Entry: Endocytosis → uncoating in endosomes → nuclear entry during mitosis.
Replication: E6/E7 oncoproteins drive cell cycle; virions assemble in nucleus.
Release: Shed with dead keratinocytes.
How do E6 and E7 promote cancer?
E6: Degrades p53 (apoptosis blocker).
E7: Binds pRb, releasing E2F to push cell cycle → uncontrolled proliferation.
How does HPV evade the immune system?
Low early protein expression.
Capsid proteins shed quickly from epithelium.

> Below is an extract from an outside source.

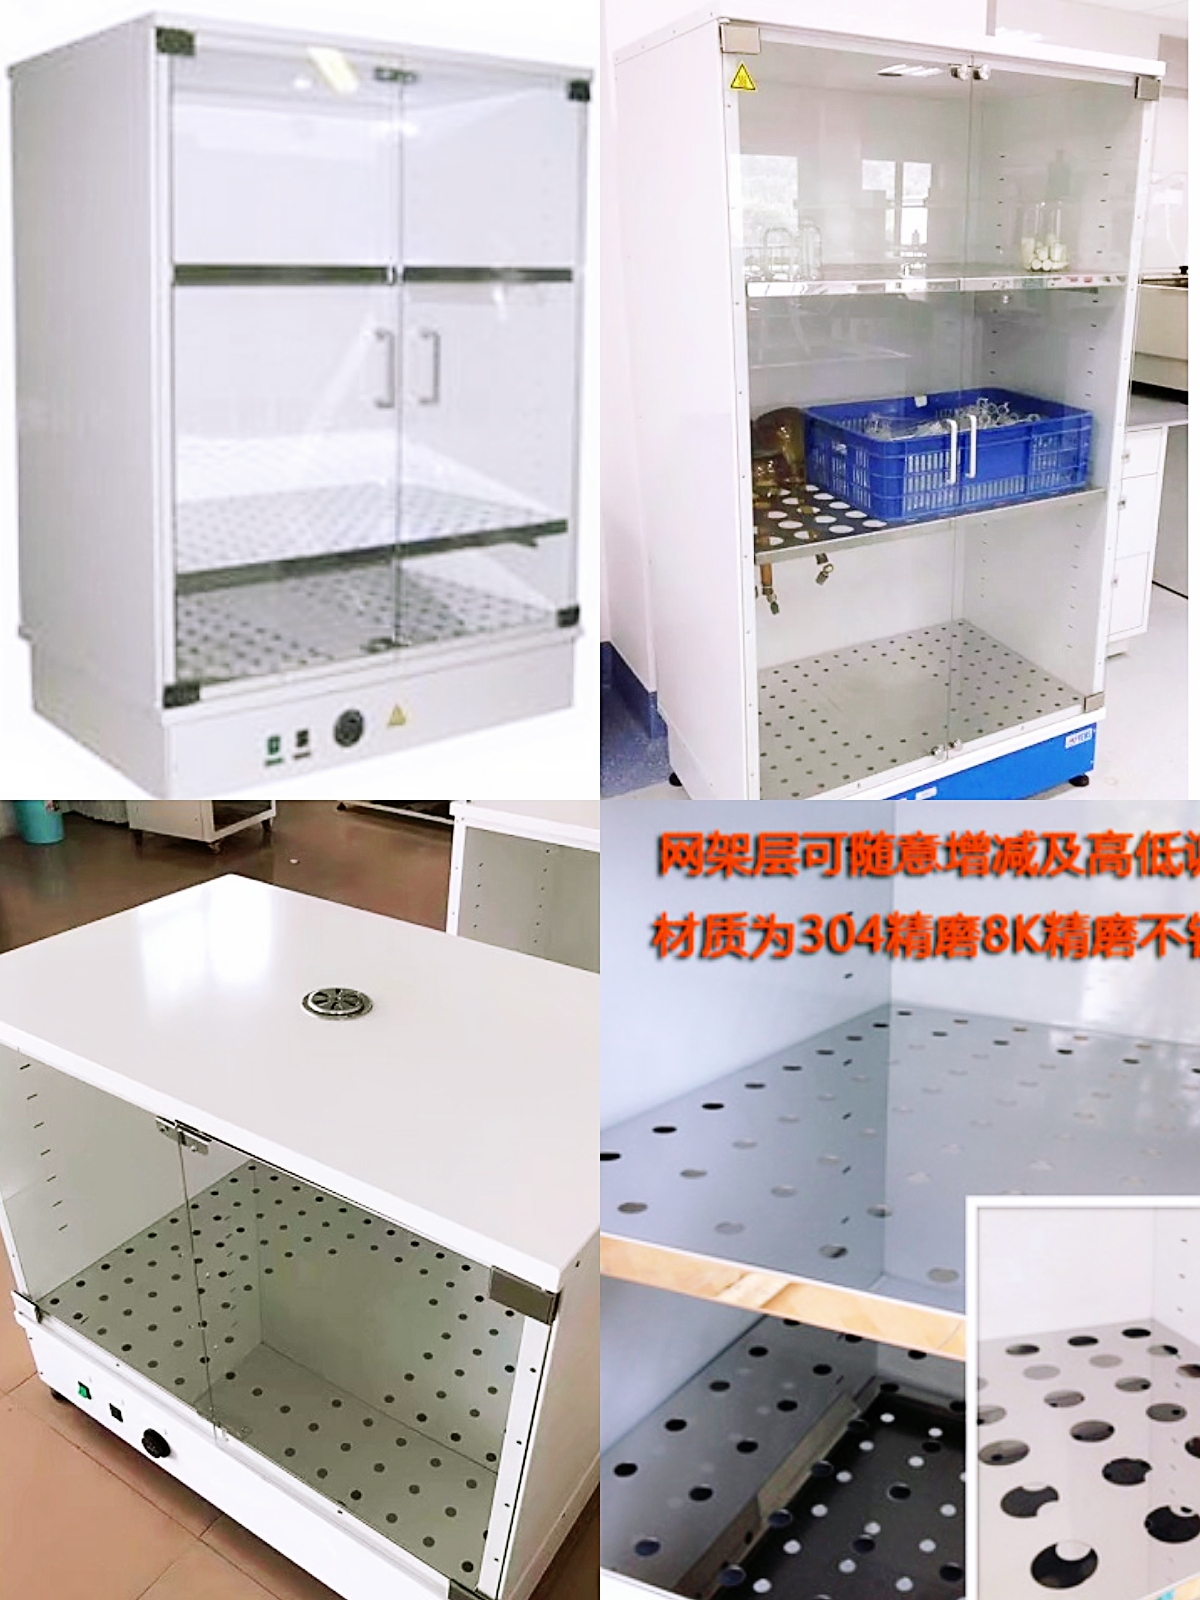 供应晋江玻璃器皿干燥机厂家直销 晋江玻璃器皿干燥箱性价比高

E6/E7 inhibit antigen presentation.
Match HPV types to diseases:
HPV-1/2/4: Plantar warts.
HPV-6/11: Genital/laryngeal warts.
HPV-16/18: Cervical cancer (70% of cases).
How is HPV diagnosed?
Pap smear: Identifies koilocytes (abnormal cells).
PCR/DNA probes: Detect HPV DNA (e.g., HPV-16/18).
Acetic acid test: Turns infected areas white.
Compare HPV vaccines.
Gardasil-9: Protects against 9 types (6/11/16/18/31/33/45/52/58).
Cervarix (discontinued): Targeted HPV-16/18.
Best efficacy: Pre-sexual activity (ages 9–13).
Why does HPV cause cervical cancer?
Viral DNA integrates into host genome → E6/E7 overexpression → p53/pRb inactivation → genomic instability → carcinoma.
How are HPV-related warts/cancers treated?
Warts: Imiquimod (immune booster), cryotherapy, surgery.
Cancer: Surgical removal (e.g., LEEP for cervical lesions).